Two Takes 

Corker and Herenton try to get their messages across to different audiences.

Bob Corker made one thing clear at a town meeting in suburban Arlington on Tuesday — that the venue, Crave Coffee Bar and Bistro, was not yet "the time and the place" for him to express his future plans, rumors about which run from a governor's race in 2018 to a possible presidential bid two years later.

The Arlington event was set up in much the manner of a meet-and-greet, and other dignitaries present included Mayor Mike Wissman of Arlington, Shelby County Republican chair Lee Mills, and 8th District Congressman David Kustoff.

click to enlarge Senator Bob Corker at the Crave Coffee Bar - JACKSON BAKER
  • Jackson Baker
  • Senator Bob Corker at the Crave Coffee Bar

It was the first step of what the senator's office billed as a "Travel Across the Volunteer State" and was to be followed by his attendance at a noon event at the Hilton Memphis, where kudos were to be administered to several worthy individuals at the 14th Annual Dunavant Public Servant Award Luncheon.

On the basis of the reception he got from a standing-room-only audience, one that was rather more a contentious town meeting in the current style, you had to wonder how much more of his current job the junior senator from Tennessee would be willing to stand for.

He was asked if he intended to run for a third Senate term in 2018, and he gave the answer cited above. The immediate result was a challenge or two from the crowd as to whether Chattanoogan Corker hadn't pledged, back in 2006, when he was first elected in a tight race with Democrat Harold Ford Jr., to quit after two terms.

He gave a soft answer, that both he and Ford had said only that they "couldn't imagine" serving more than two terms, and that seemed to turn away any further potential wrath on that matter.

But Corker had every reason to remain on edge for most of the hour-long encounter in Arlington.
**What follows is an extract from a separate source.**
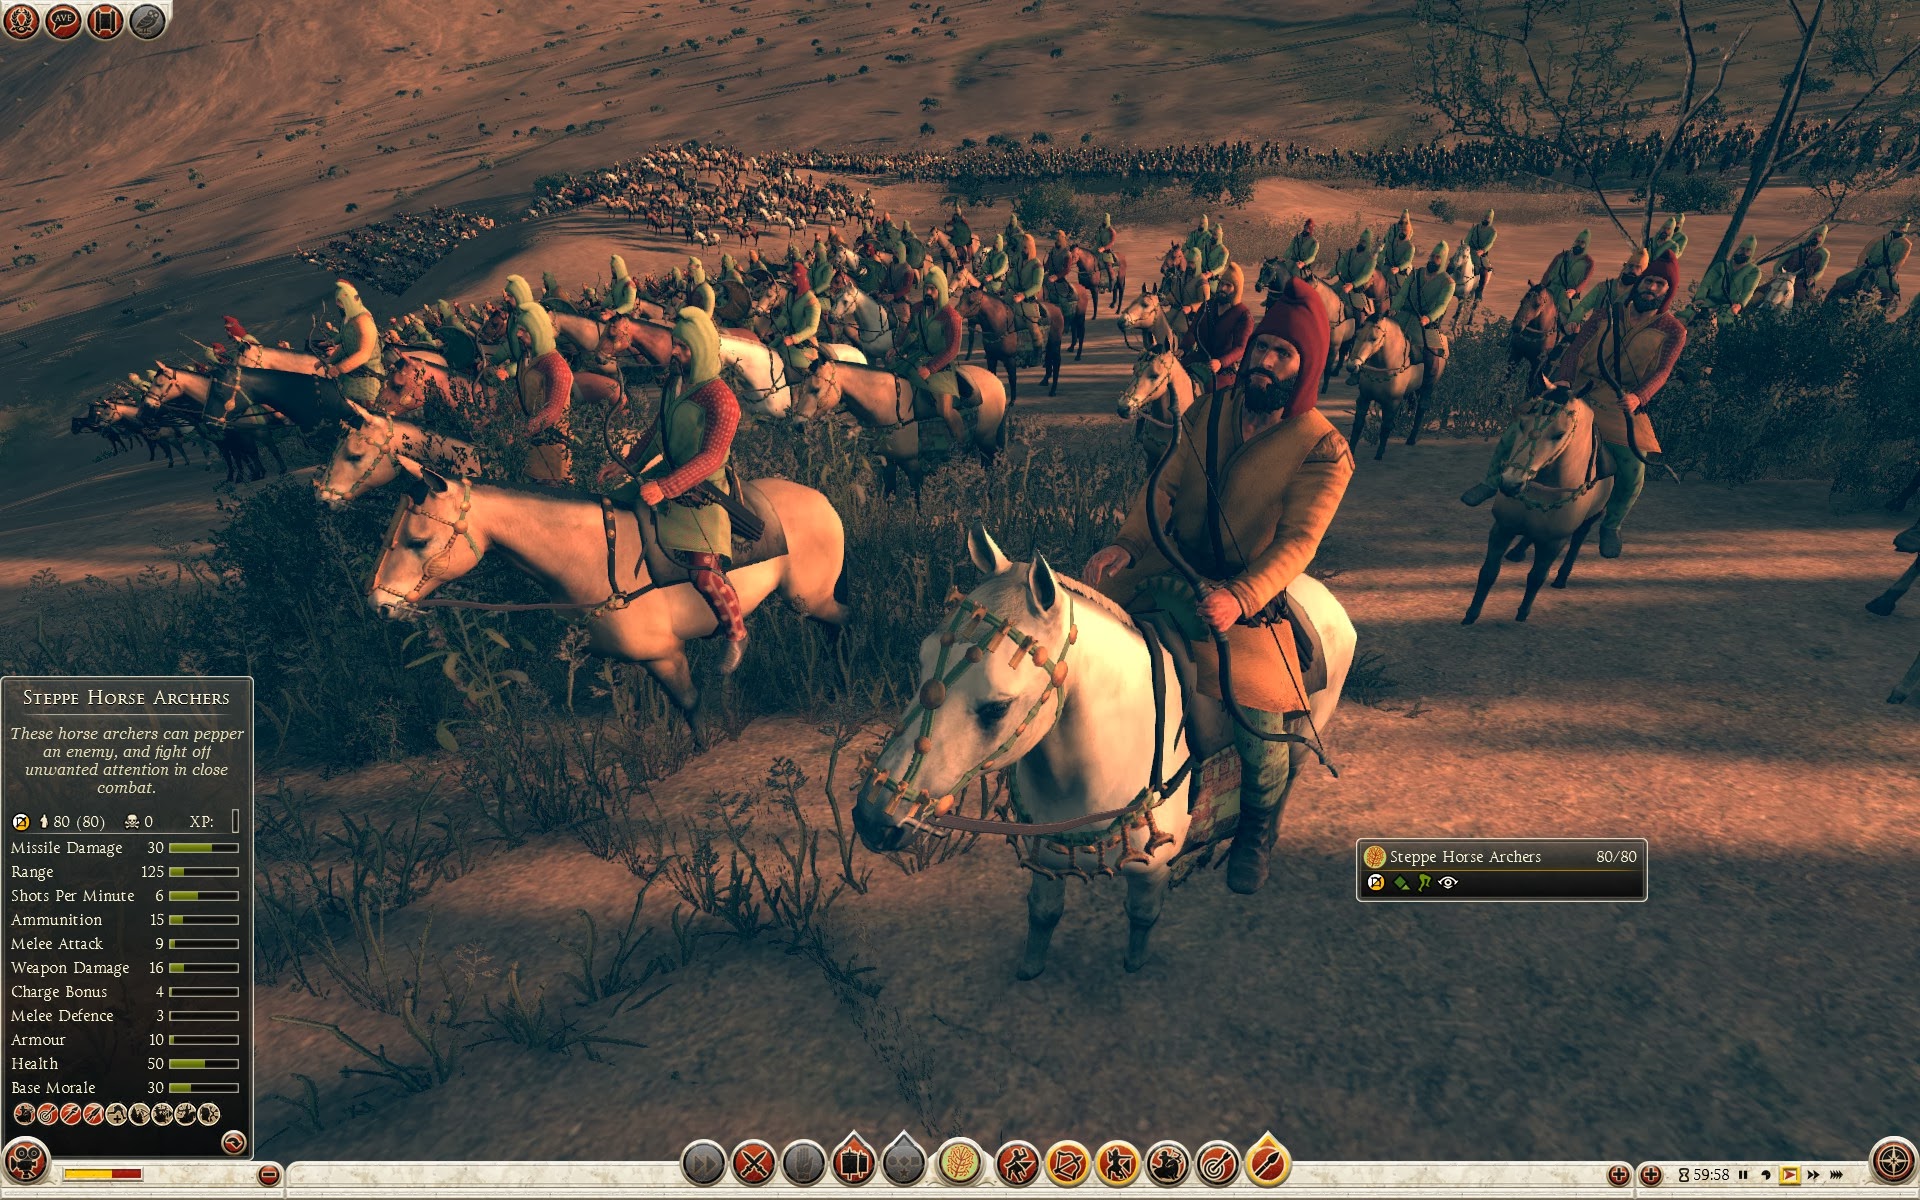 Steppe Horse Archers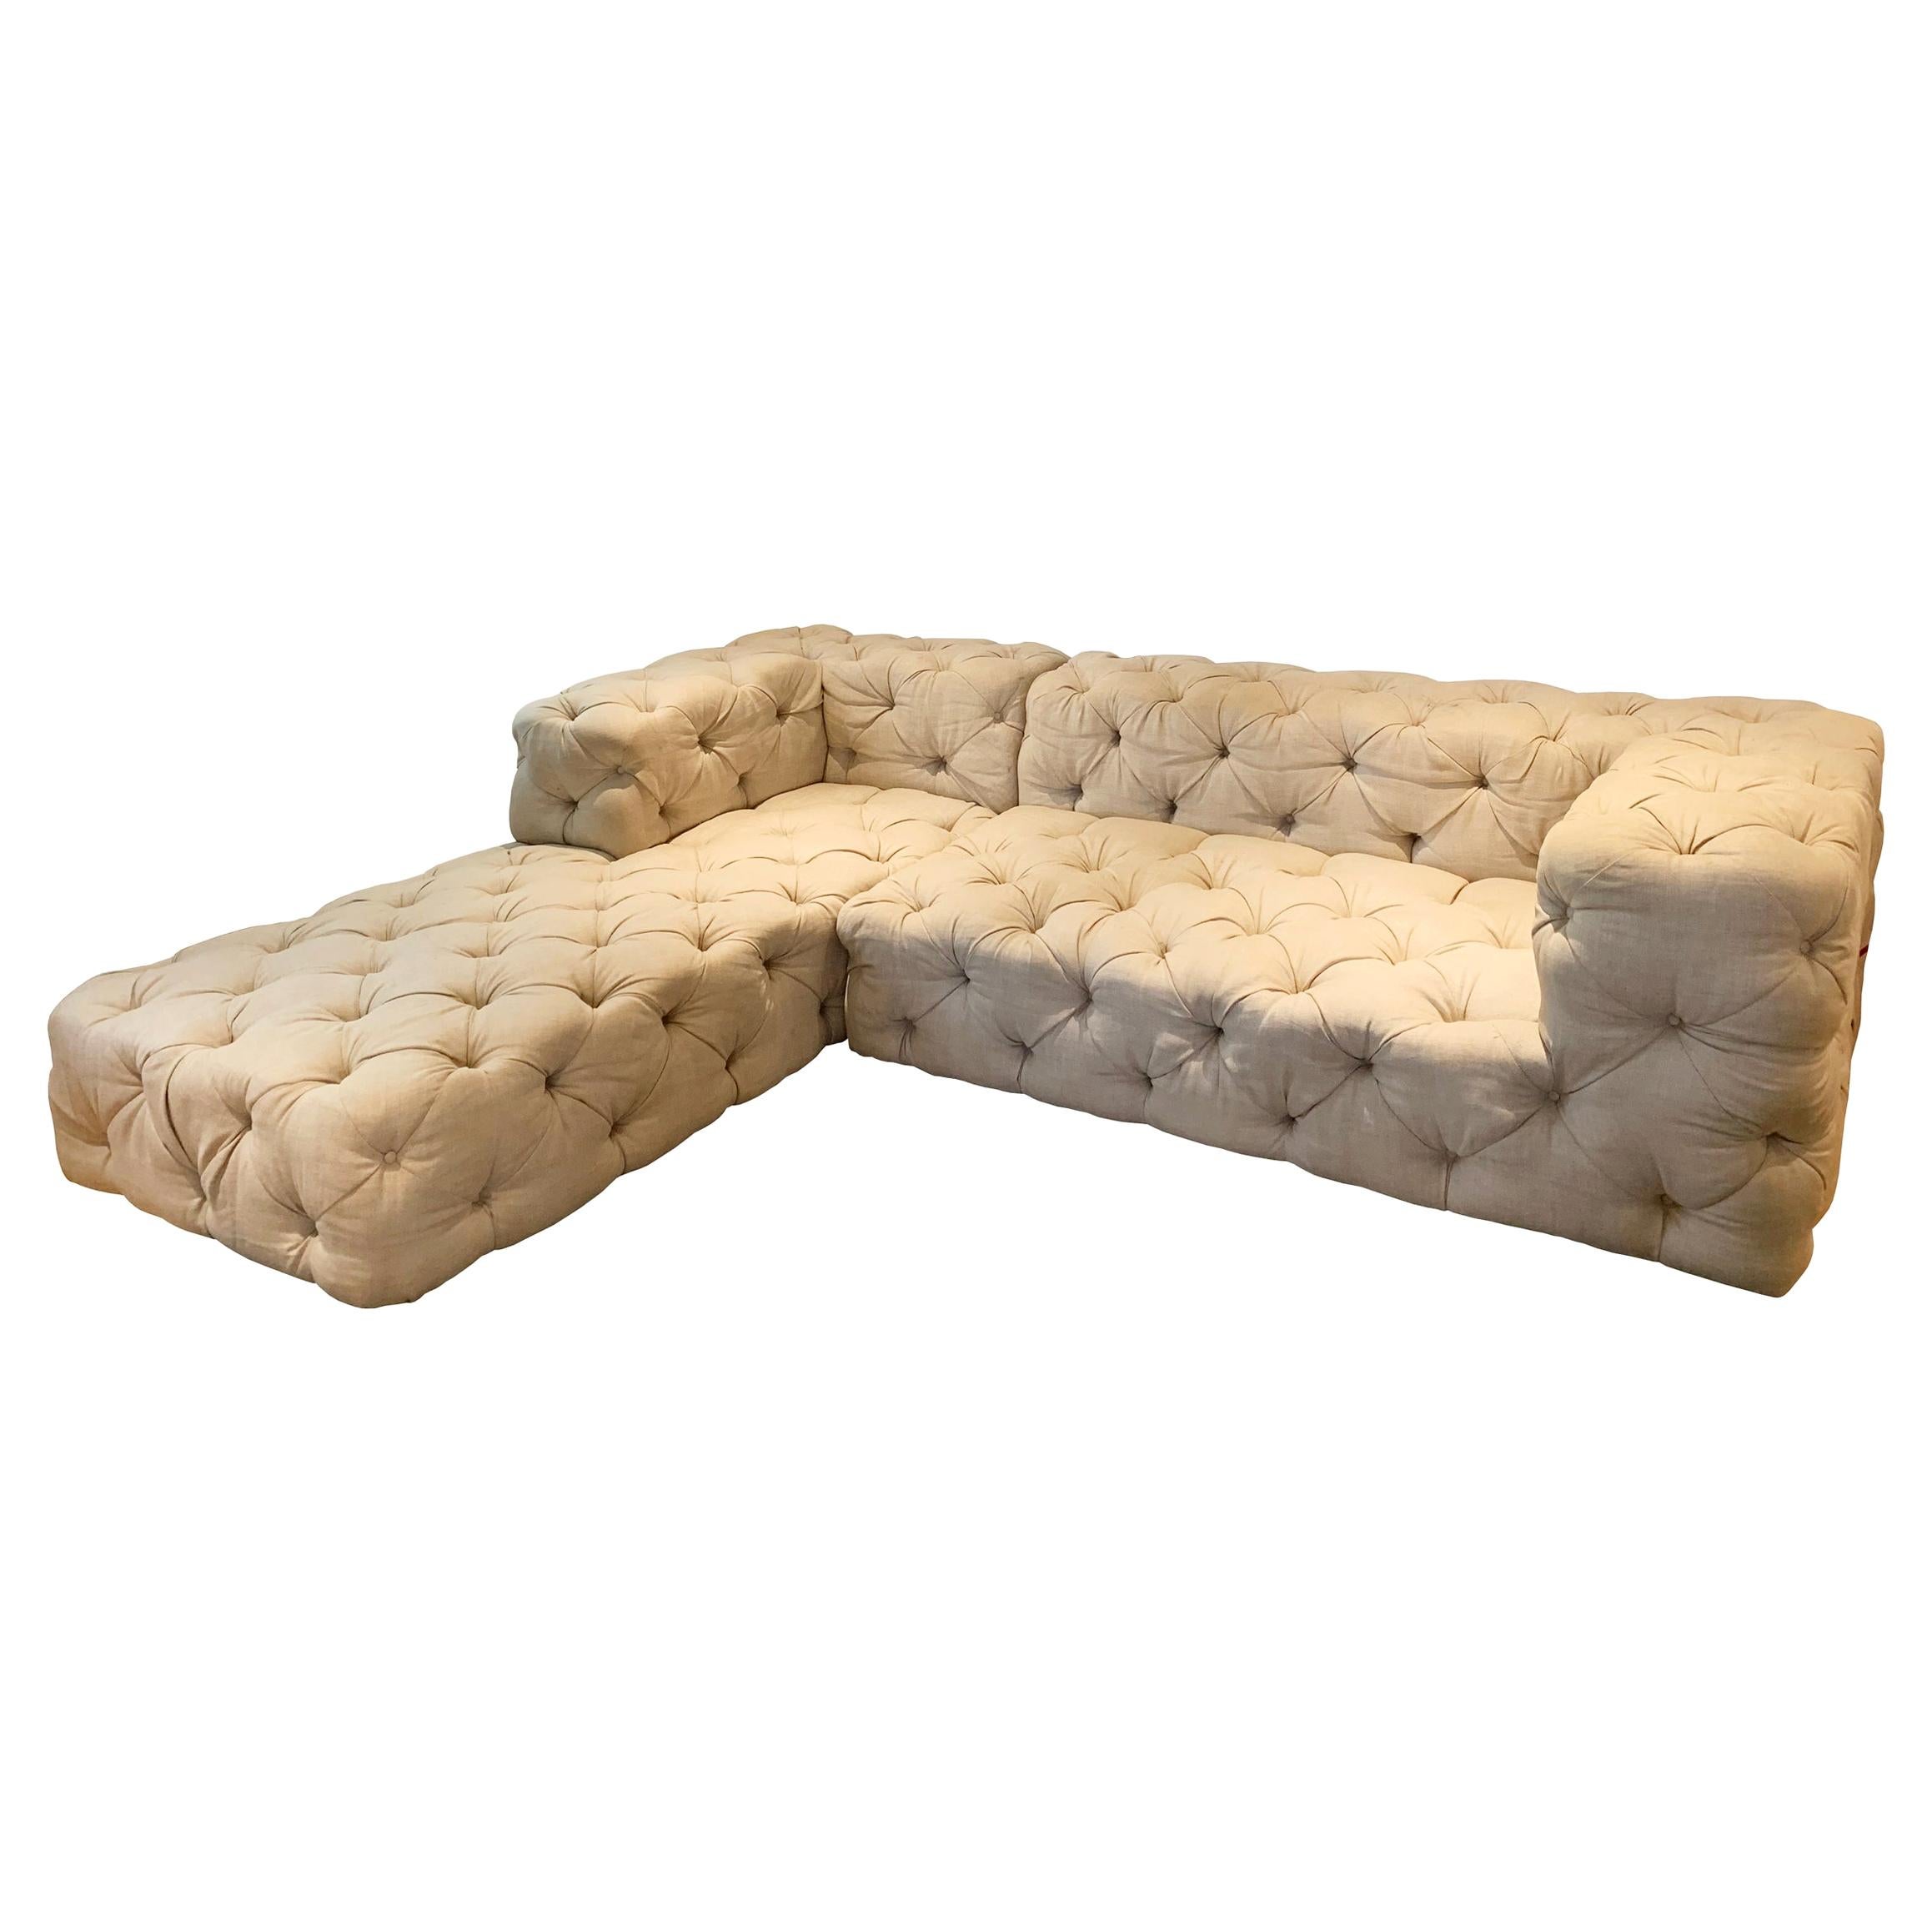 Deep Tufted 2 Piece Sectional Sofa Upholstered in Cream Colored Linen Fabric

The questions he got were rapid-fire, mainly on issues of domestic controversy, and they were evenly mixed between the inquisitive and the downright challenging.

On some of the latter, he seemed to satisfy most of the crowd with his expression of confidence that the pending Senate inquiry into a Trump-Russian connection would go forth to good result. He had less success defending his support for charter-school enthusiast Betsy DeVos as secretary of education.

Corker was also hard-pressed on issues ranging from the prospective defunding of Planned Parentood, the uncertain future of health care, and the shape of tax reform. He did his best to hit a middle distance.

At the end of it all, someone said the obvious, that he, as Senate Foreign Relations Committee chairman, had not been asked about the current crises in Korea and Syria. He shook his head slowly but gave an indulgent smile. "Unbelievable," he said.

• Mere hours later, a few miles away in Midtown, former mayor Willie Herenton was having an easier time with his audience, the Rotary Club of Memphis.

click to enlarge Herenton at Rotary - JACKSON BAKER
  • Jackson Baker
  • Herenton at Rotary

The luncheon speaker was welcomed as what he was, a public dignitary from the past. That, in his time as mayor from 1991 to 2009, Herenton caught his share of flack was a fact no one mentioned, save the ex-mayor himself.

Herenton's subject was his current project, which goes by the name of New Path Campus of Restoration. "Campuses," actually, because Herenton's original concept of a single dormitory/instructional facility for troubled African-American youth in north Shelby County has grown to include the idea of three campuses — in downtown Memphis, in Frayser, and in Millington.

As Herenton has explained on earlier occasions, these facilities would be alternatives to the severe and geographically remote locations available to house youthful detainees at the moment. The centers would be financed by savings from traditional incarceration and by state funding for the detainees as students.